Under the laboratory conditions described in Section 4.1, NExT-ERA, NExT-ARMA, Data-Driven SSI (SSI-DATA) [34], Covariance-Driven SSI (SSI-COV) [35], frequency and spatial domain decomposition (FSDD) [36], and other methods are used to identify the modal parameters of the data 1, and the results are compared with the proposed method. Obviously, the natural frequencies identified by the proposed method are consistent with the expected output, so the recognition accuracy of the proposed method is higher than other methods (as shown in Figure 8). The damping is greatly affected by the external noise, and the recognition results of the proposed method are similar to NExT-ARMA method and FSDD method (as shown in Figure 9). The modal shape is consistent with the actual situation (as shown in Figure 10). Mode is the natural vibration characteristic of the structure. Each mode has a specific natural frequency, damping ratio, and modal shape, so the modal parameters of the structure will not change due to different excitations. Nevertheless, taking EFDD and FSDD as examples, there are modal leakages and false modes in parameter identification of the data 2 and the data 3 (as shown in Figure 11), and the results are inconsistent with the data 1, thereby suggesting that the conventional OMA method is not suitable for non-white noise excitation.

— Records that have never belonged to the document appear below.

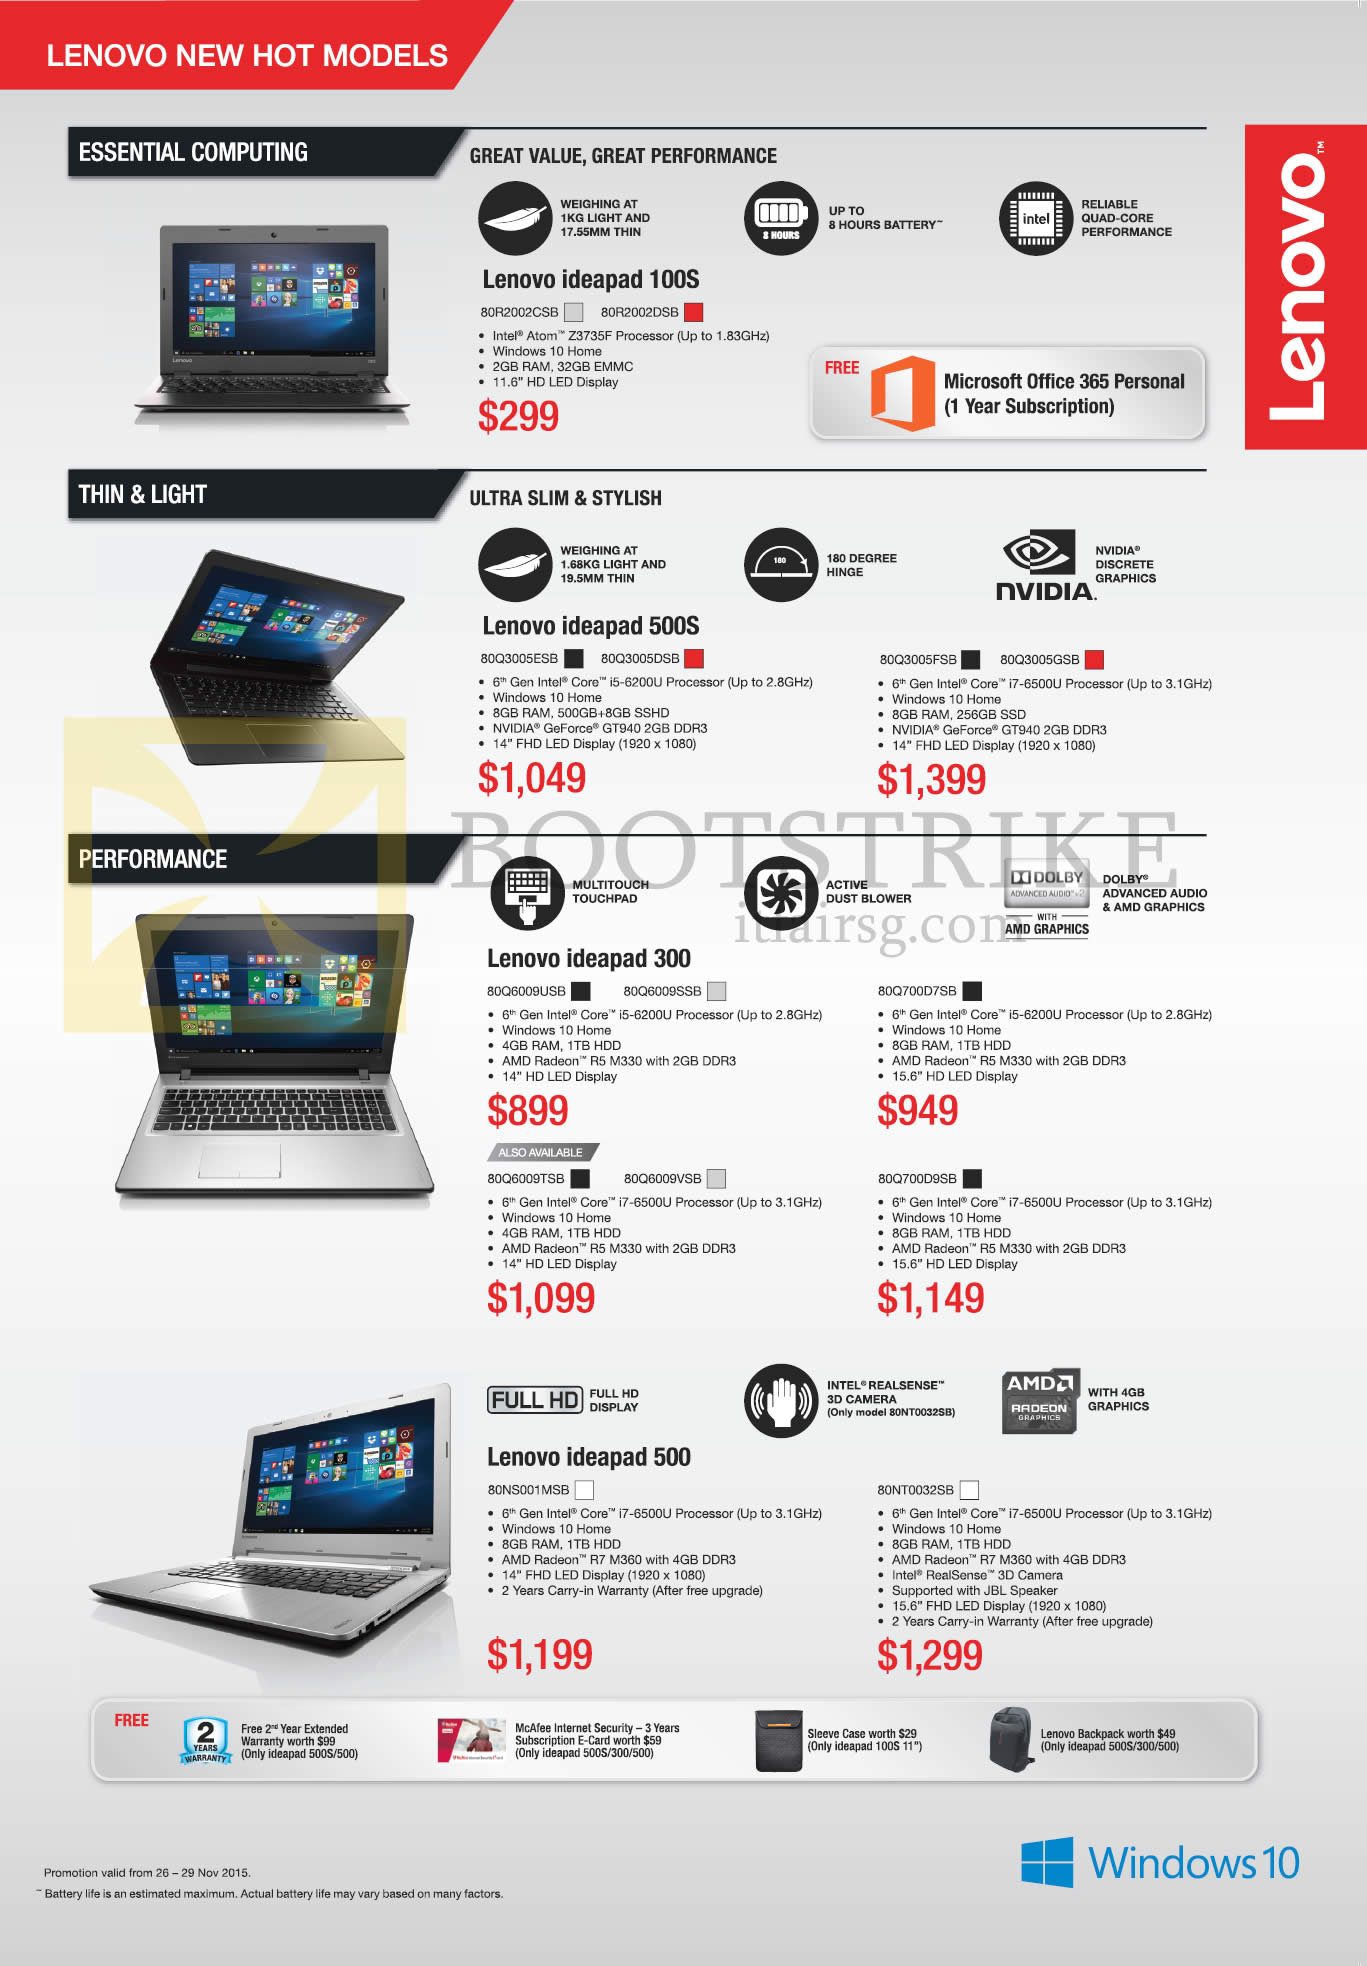 SITEX 2015 price list image brochure of Lenovo Notebooks Ideapad 100S 80R2002CSB, 80R2002DSB, Ideapad 500S 80Q3005ESB, 80Q3005DSB, 80Q3005FSB, 80Q3005GSB, Lenovo Ideapad 300 80Q6009USB, 80G6009TSB
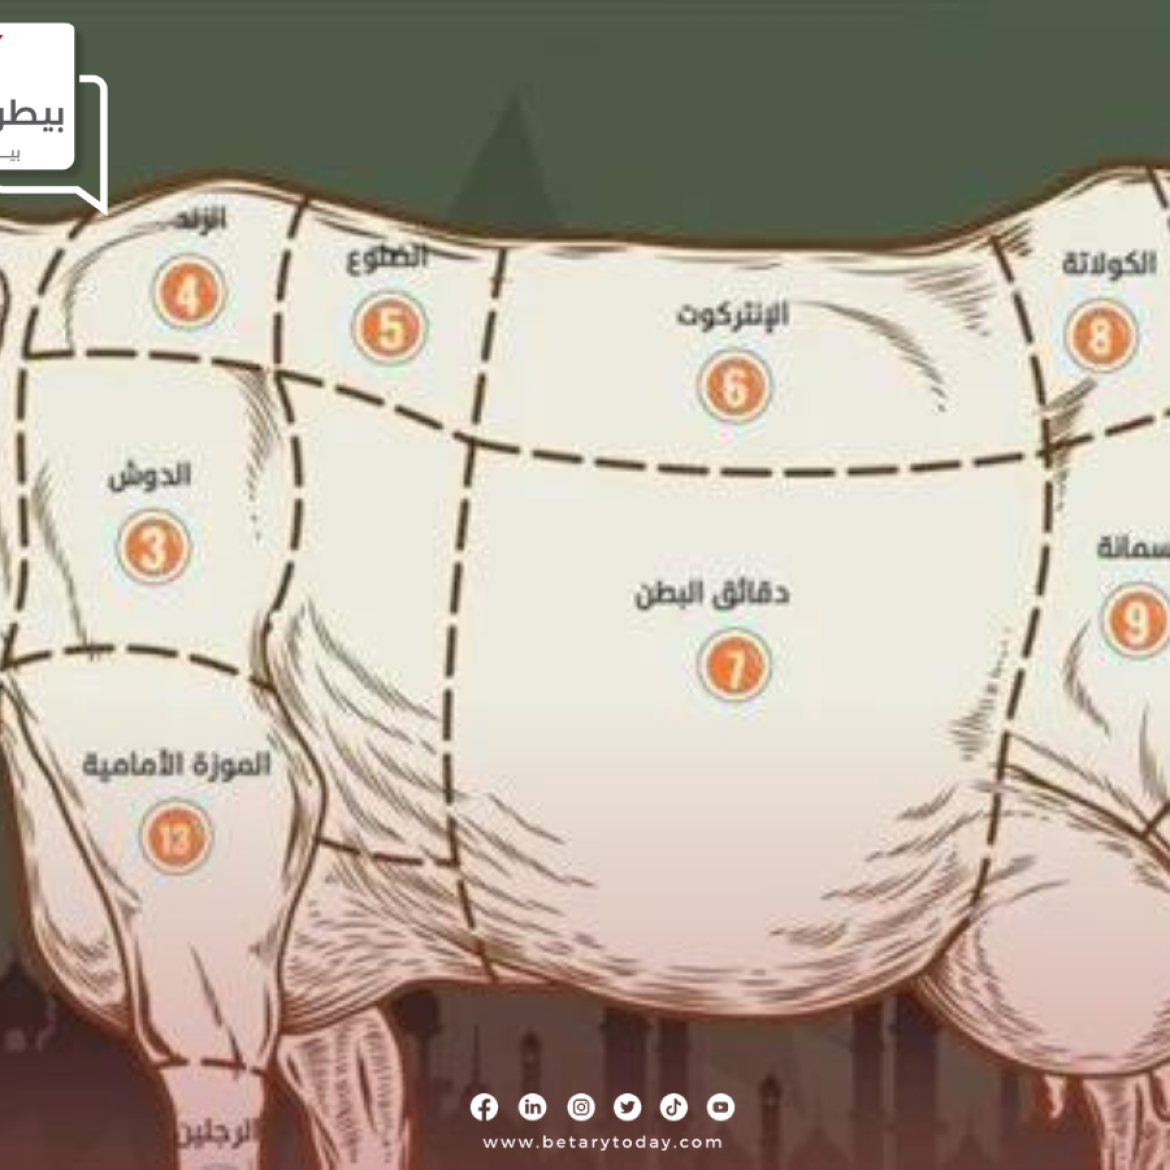 قبل أيام من عيد الاضحى… تعرف على قطعيات اللحوم المختلفة
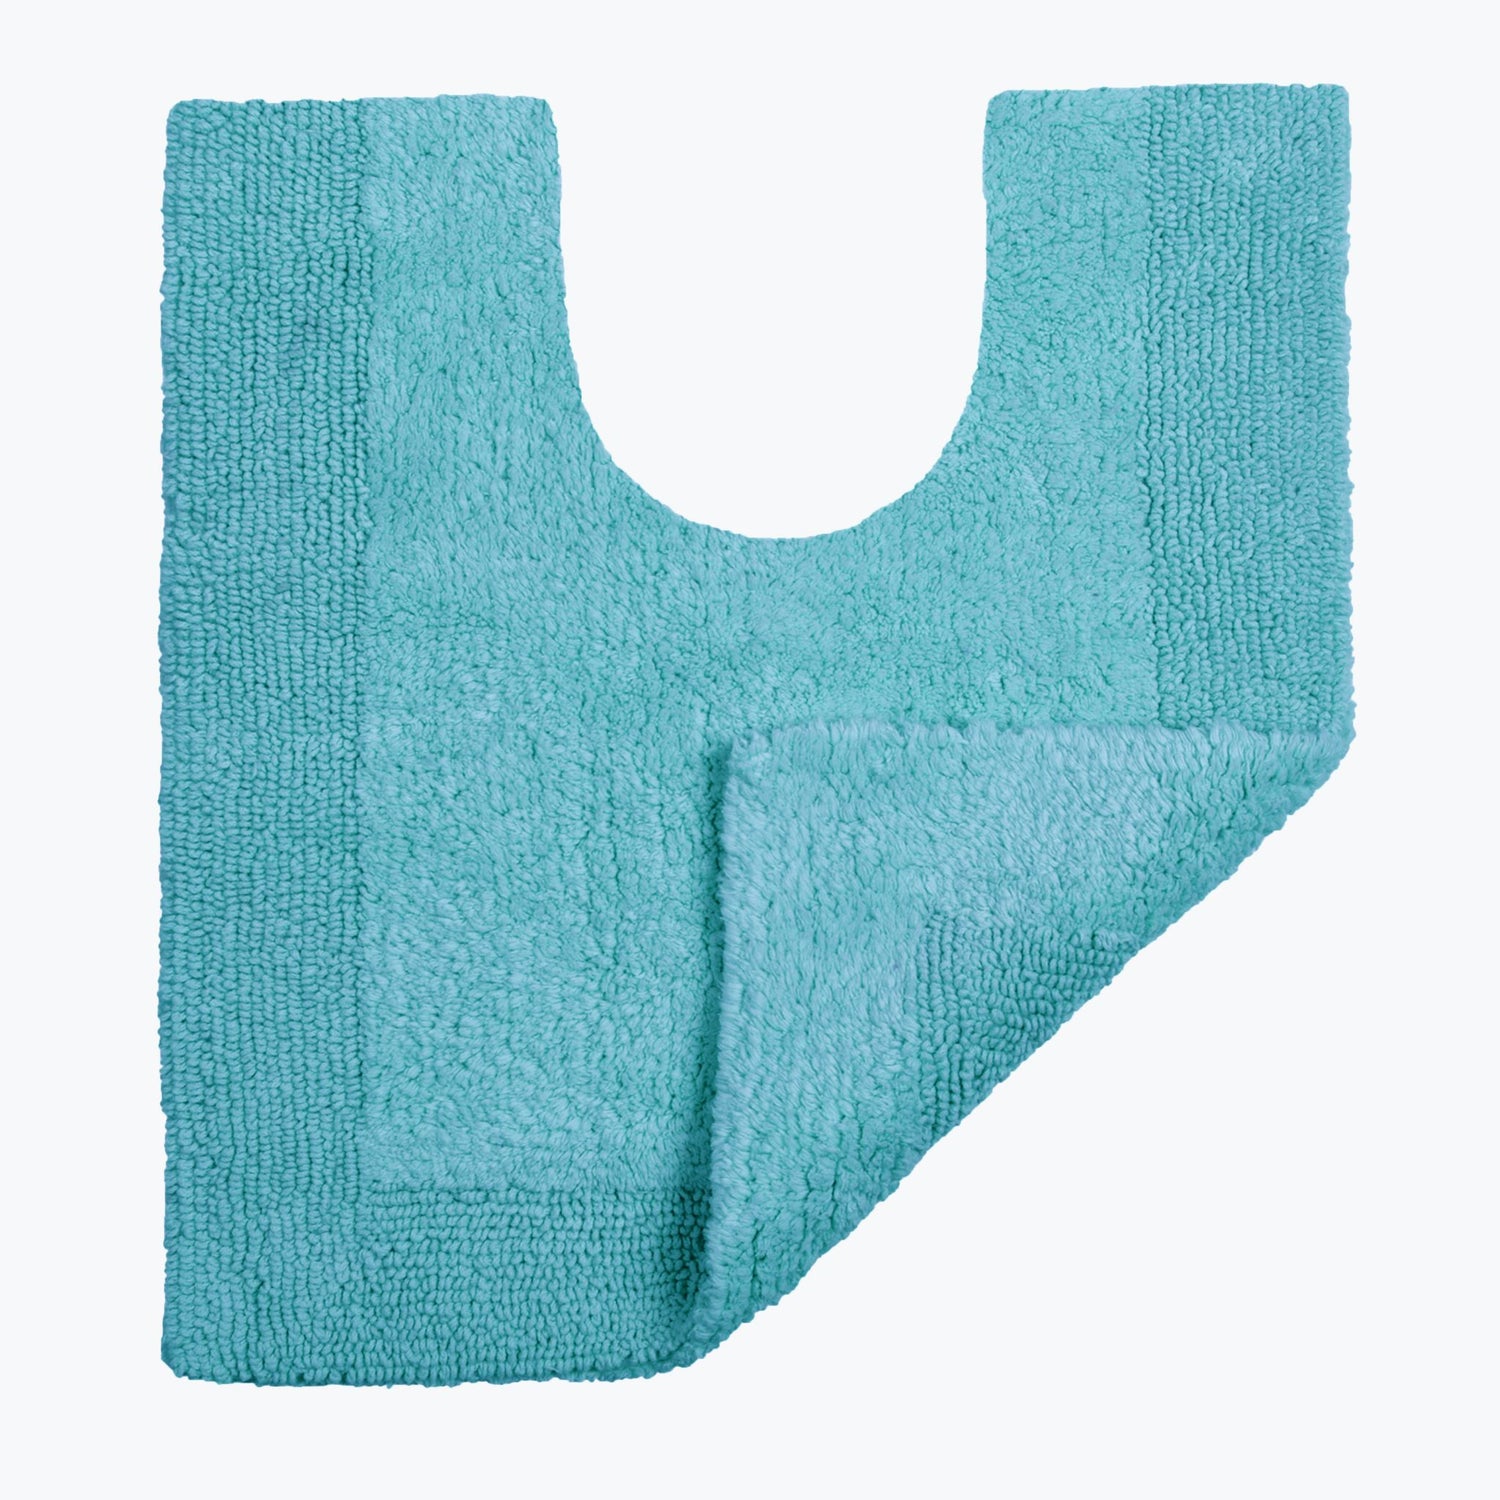 Turquoise Reversible Toilet Mat - Super Soft Cotton Pedestal Mat
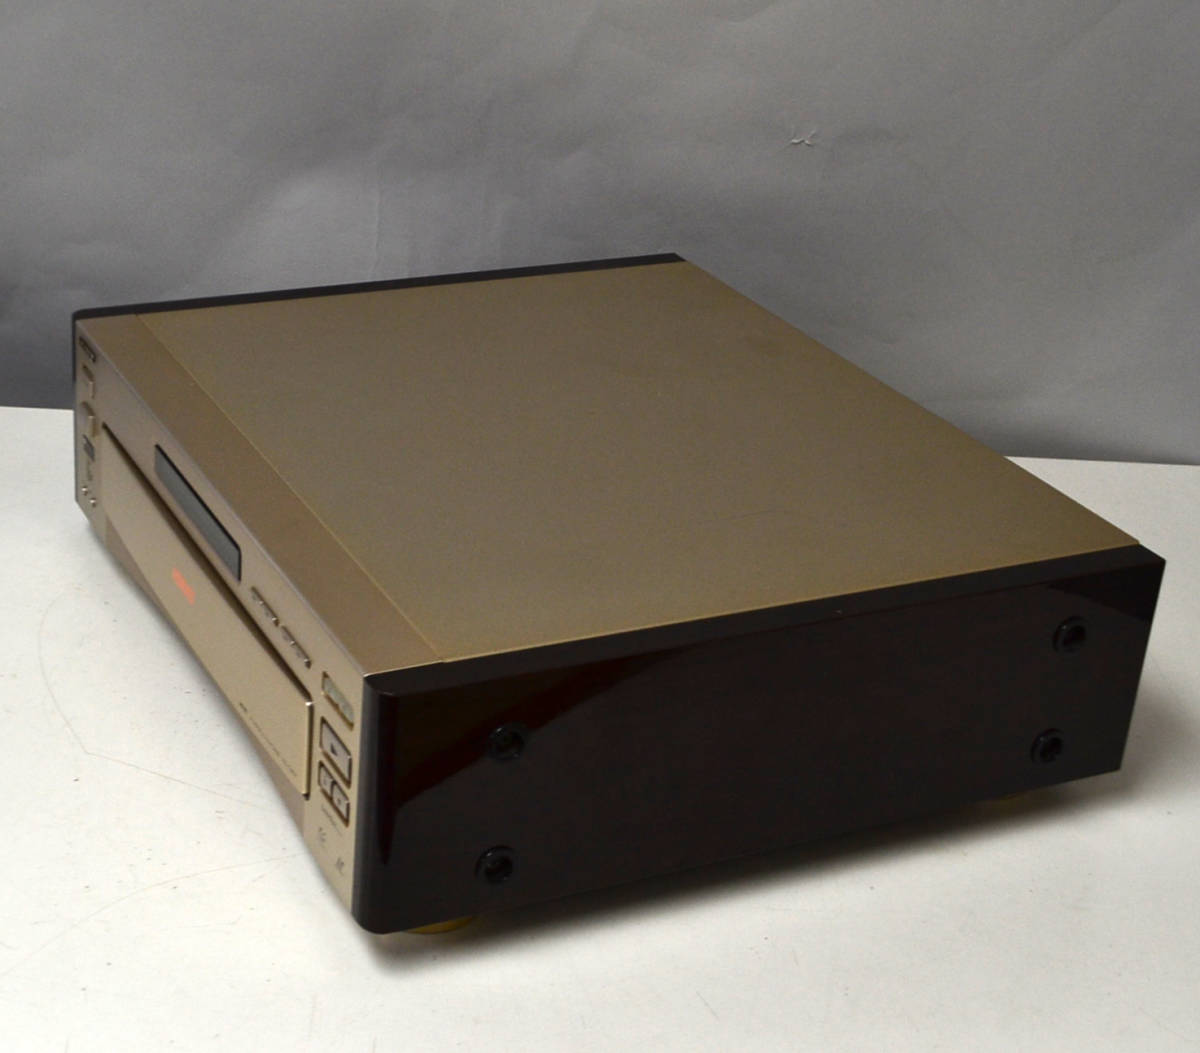 LaserDisc Database - Hardware - Sony - HIL-C2EX

In order to test the performance of the proposed method, different network structures are used to train and test the same data, and the data includes data 1, data 2, and data 3. More specifically, Model 1 means that the data is not processed by RDT, but directly trained by RNN. Model 2 means that the data is not processed by RDT but directly trained by the encoder LSTM.

Obviously, Model 1 has obvious bulge in step 17, and Model 2 has obvious bulge in step 25, which indicates that these network training effects are not good (as shown in Figure 12). Fortunately, the loss function of the proposed method is smooth, and the results are consistent with Figure 8, which shows that the network training effect is good and the modal parameter identification accuracy of the data is high. As well in the loss function of the proposed method, the MSE of the first 10 steps is greatly reduced, and it is close to the optimal value in the 20 steps, reaching 10^{-5} orders of magnitude in the 50th step and the 100th step, which shows that the proposed method has a fast convergence rate. As mentioned earlier, the proposed method has strong generalization ability.

#### 5. Conclusion

An adaptive operational modal analysis method using transformer encoder and LSTM is proposed and has been applied to extract the mode from the acceleration response of cantilever beam model. Simulation and experimental results show that the proposed method has the advantages of strong anti-noise ability, fast convergence, and high accuracy, which provides a new method for the application of modal analysis in engineering.
(a)In the simulation, the proposed method is used to identify the response data with noise of different SNR, and the results are the same, which proves that the method has strong anti-noise ability.(b)In the experiment, different treatment methods are used for the beam, and the recognition results show that the proposed method is the best. Furthermore, in the loss function of the proposed, the first 10 steps decay rapidly and approach the optimal value at 20 steps, and the MSE of the 50th and 100th steps is in the order of 10^{-5}, which shows that the proposed method has a fast convergence rate.(c)In the experiment, compared with other conventional methods, the proposed method has higher recognition accuracy for the data 1. In addition, the result of the data recognition by the proposed method is consistent with that of the data 1, and the convergence speed is fast, which shows that the method has strong generalization ability.

#### Data Availability

The data used to support the findings of this study are available from the corresponding author upon request.

#### Conflicts of Interest

The authors declared no potential conflicts of interest with respect to the research, authorship, and/or publication of this article.

#### Acknowledgments

This work was supported by the Priority Academic Program Development of Jiangsu Higher Education Institutions (PAPD).